[Provided data Boundary: Start]

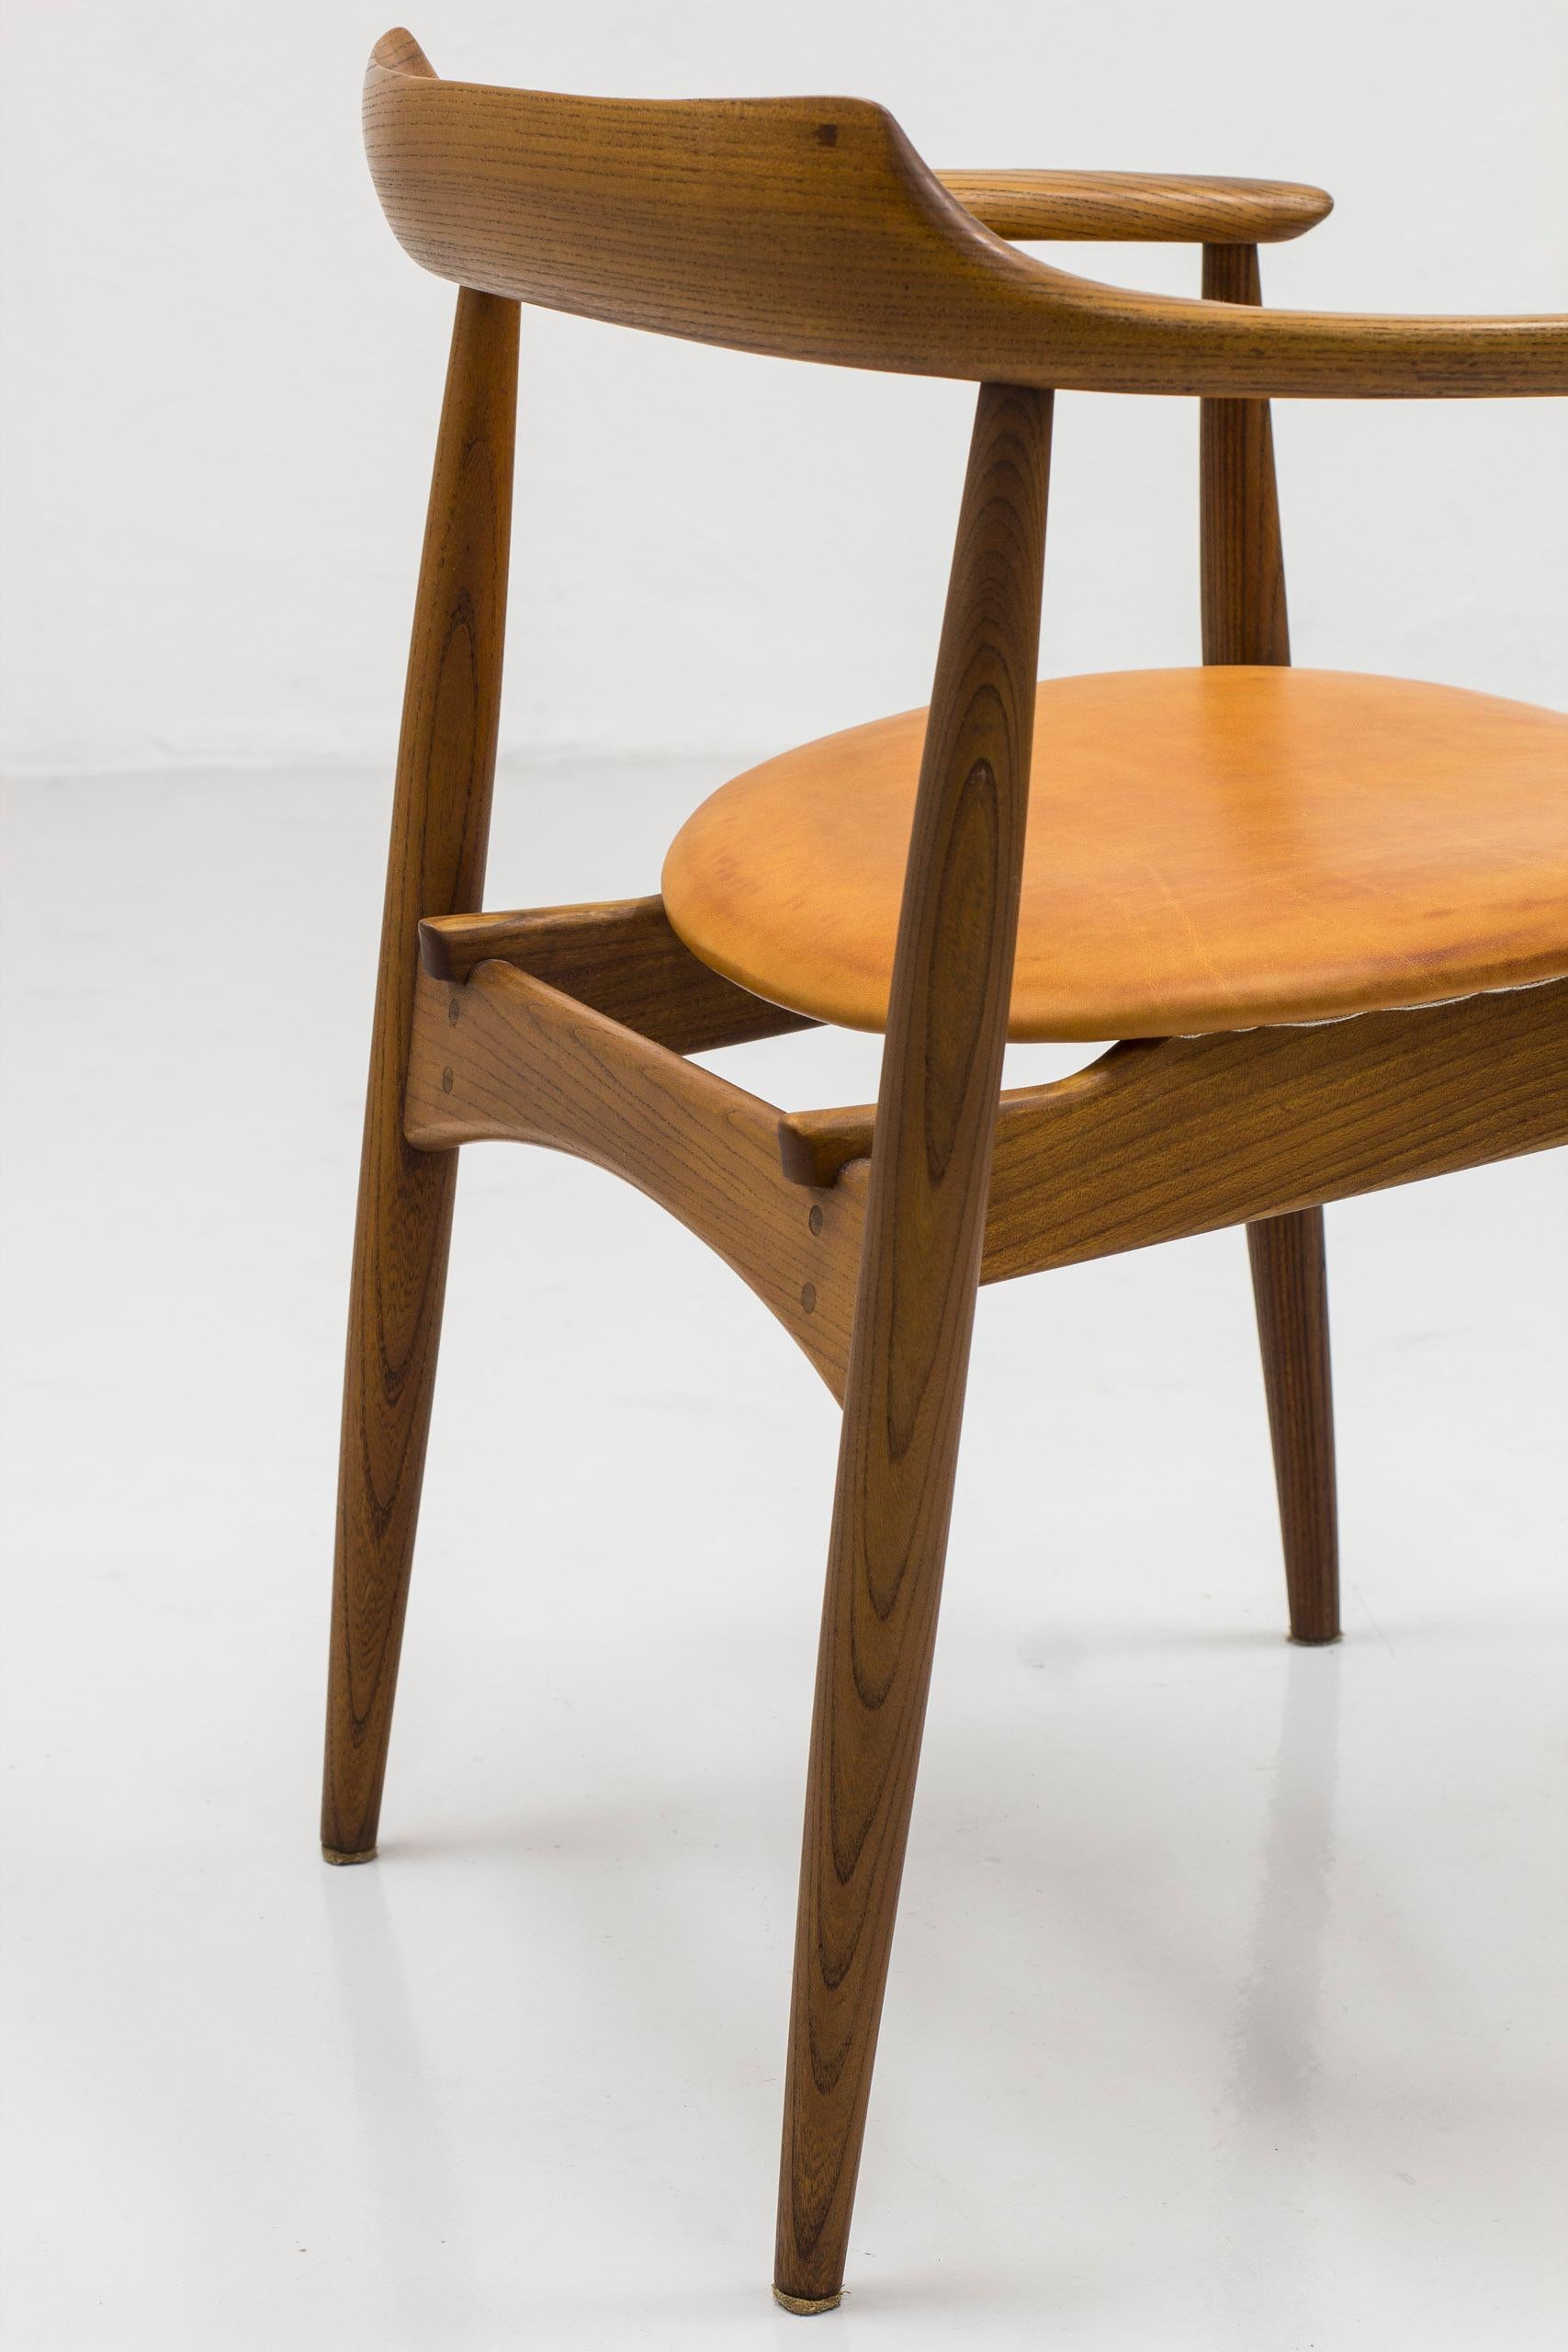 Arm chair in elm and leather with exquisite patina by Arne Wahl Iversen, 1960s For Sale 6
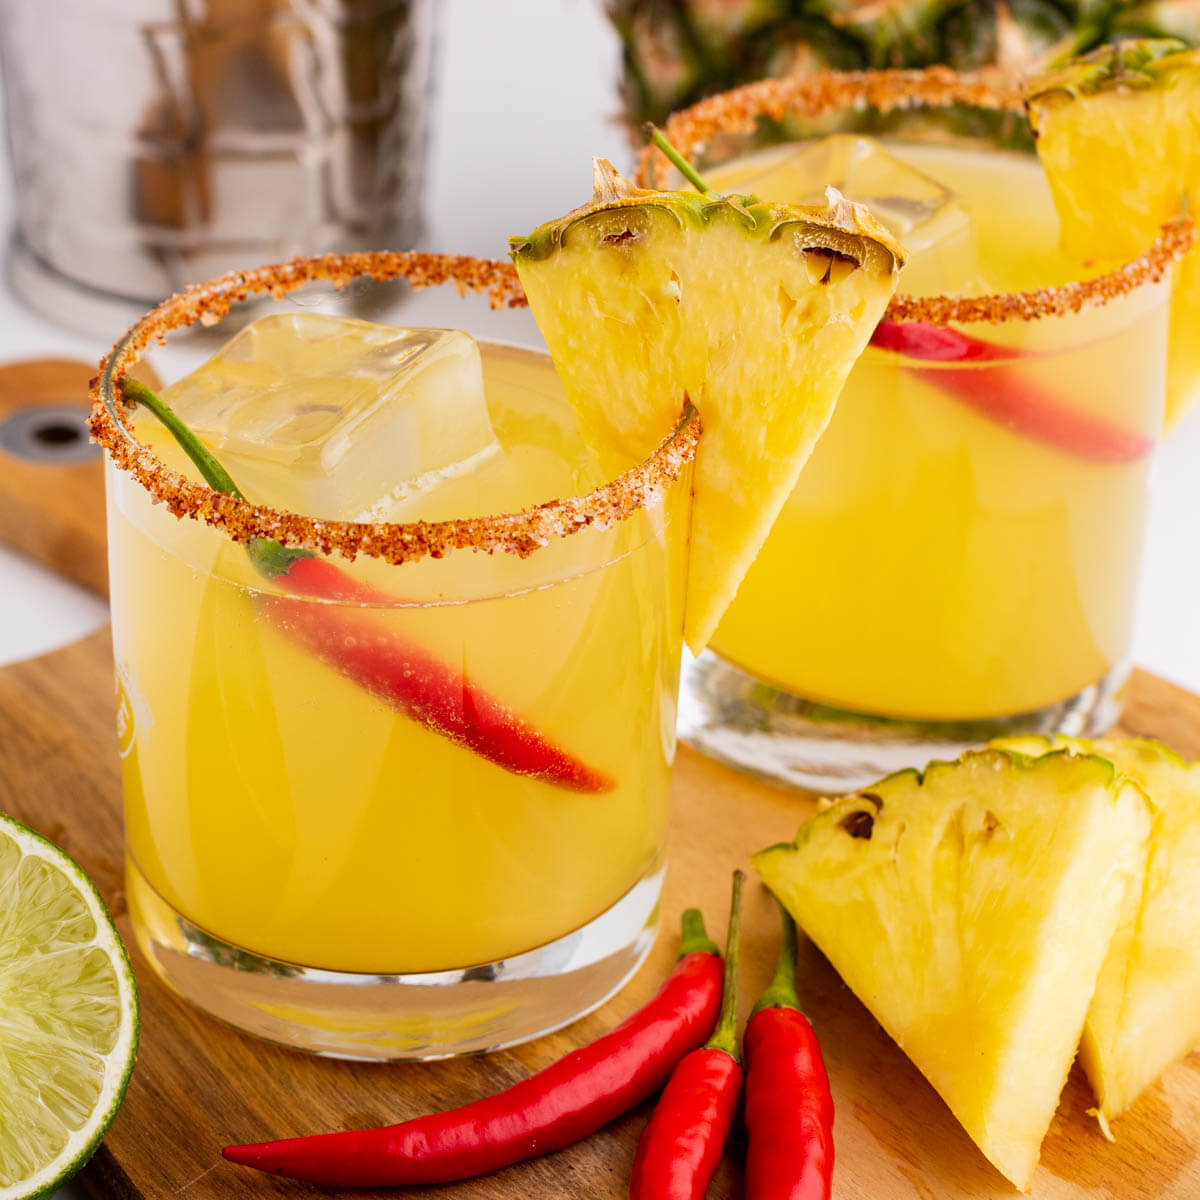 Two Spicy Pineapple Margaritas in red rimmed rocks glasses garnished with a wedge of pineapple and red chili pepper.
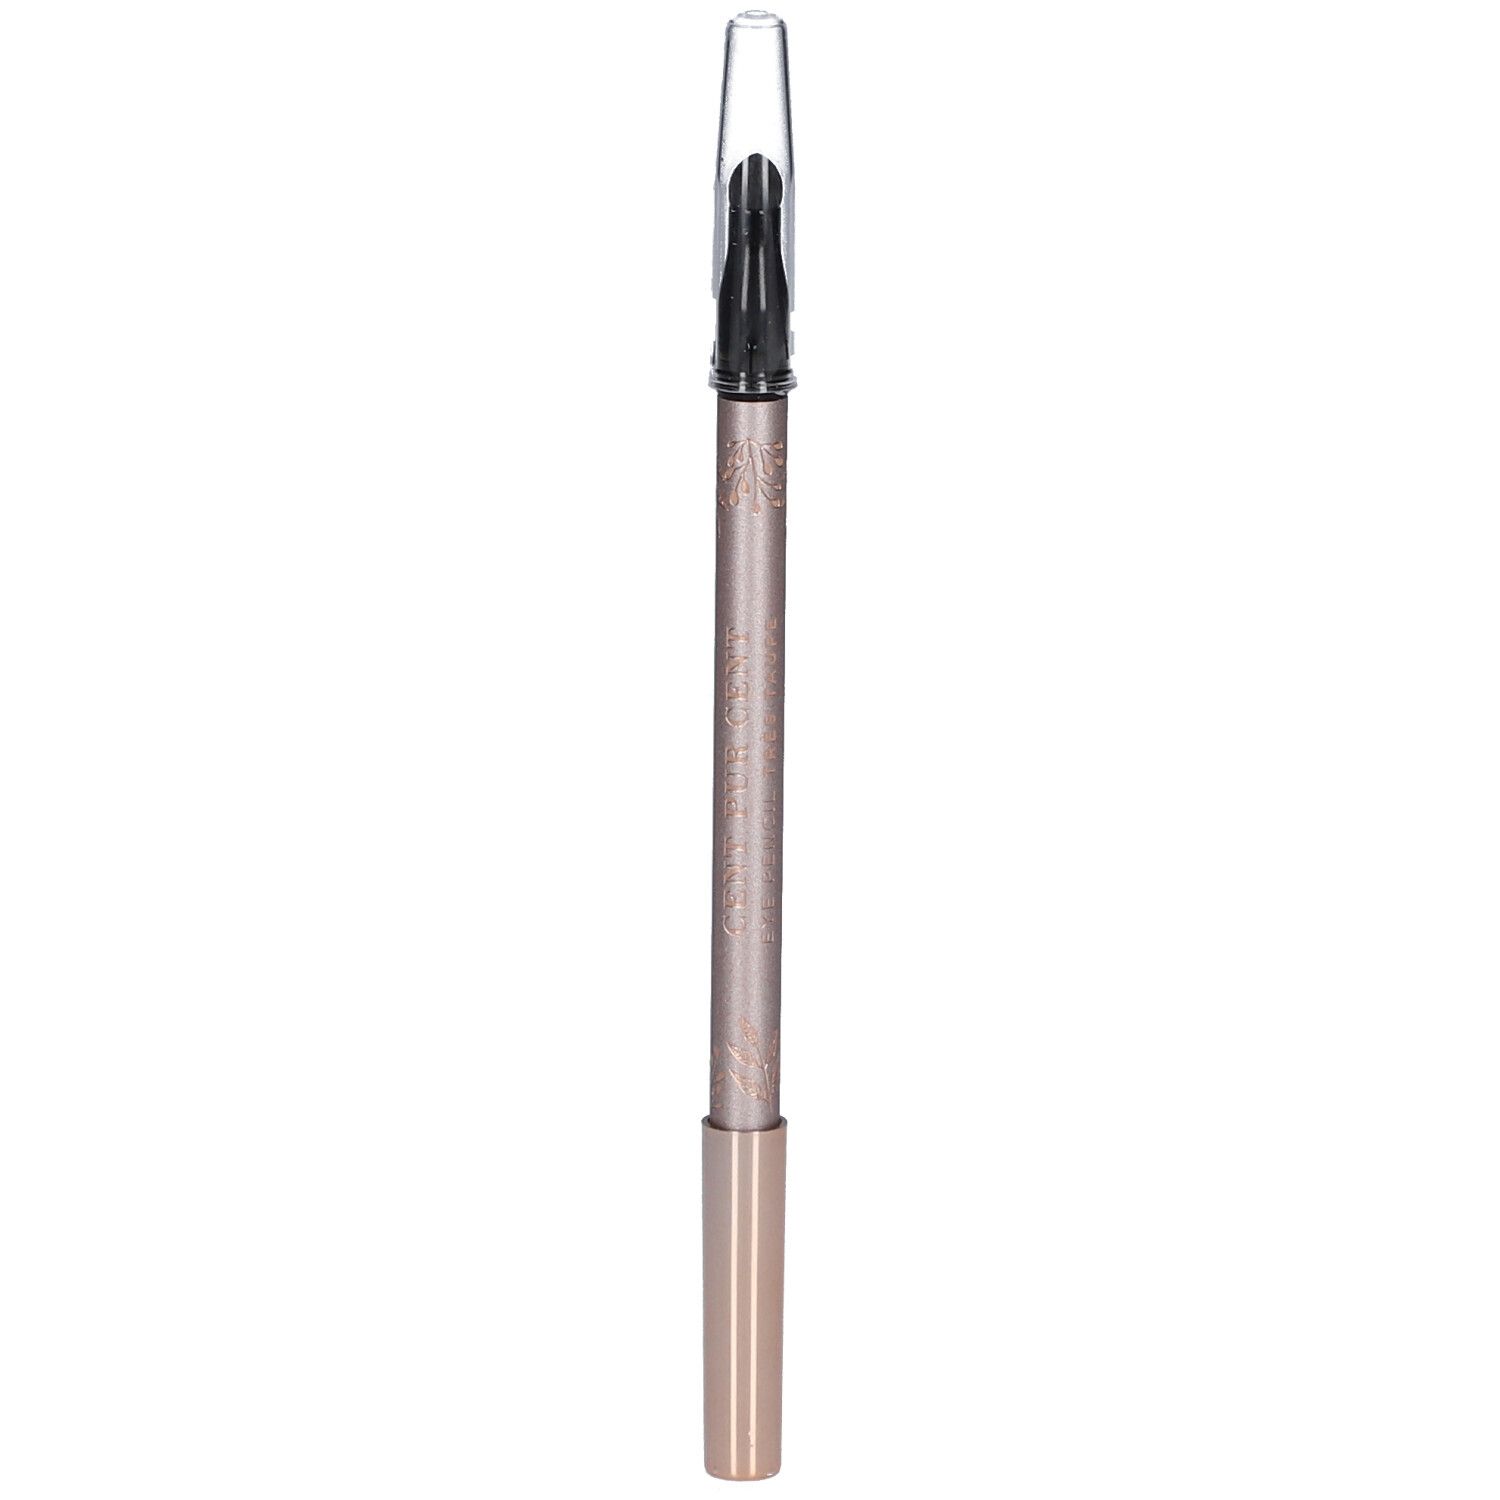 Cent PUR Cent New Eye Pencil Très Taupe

[Provided data Boundary: End]

Only text belongs in the copy: repeat each line of the data exactly and leave out the pictures.

Task answer →
 Arm chair in elm and leather with exquisite patina by Arne Wahl Iversen, 1960s For Sale 6
 Two Spicy Pineapple Margaritas in red rimmed rocks glasses garnished with a wedge of pineapple and red chili pepper.
 Cent PUR Cent New Eye Pencil Très Taupe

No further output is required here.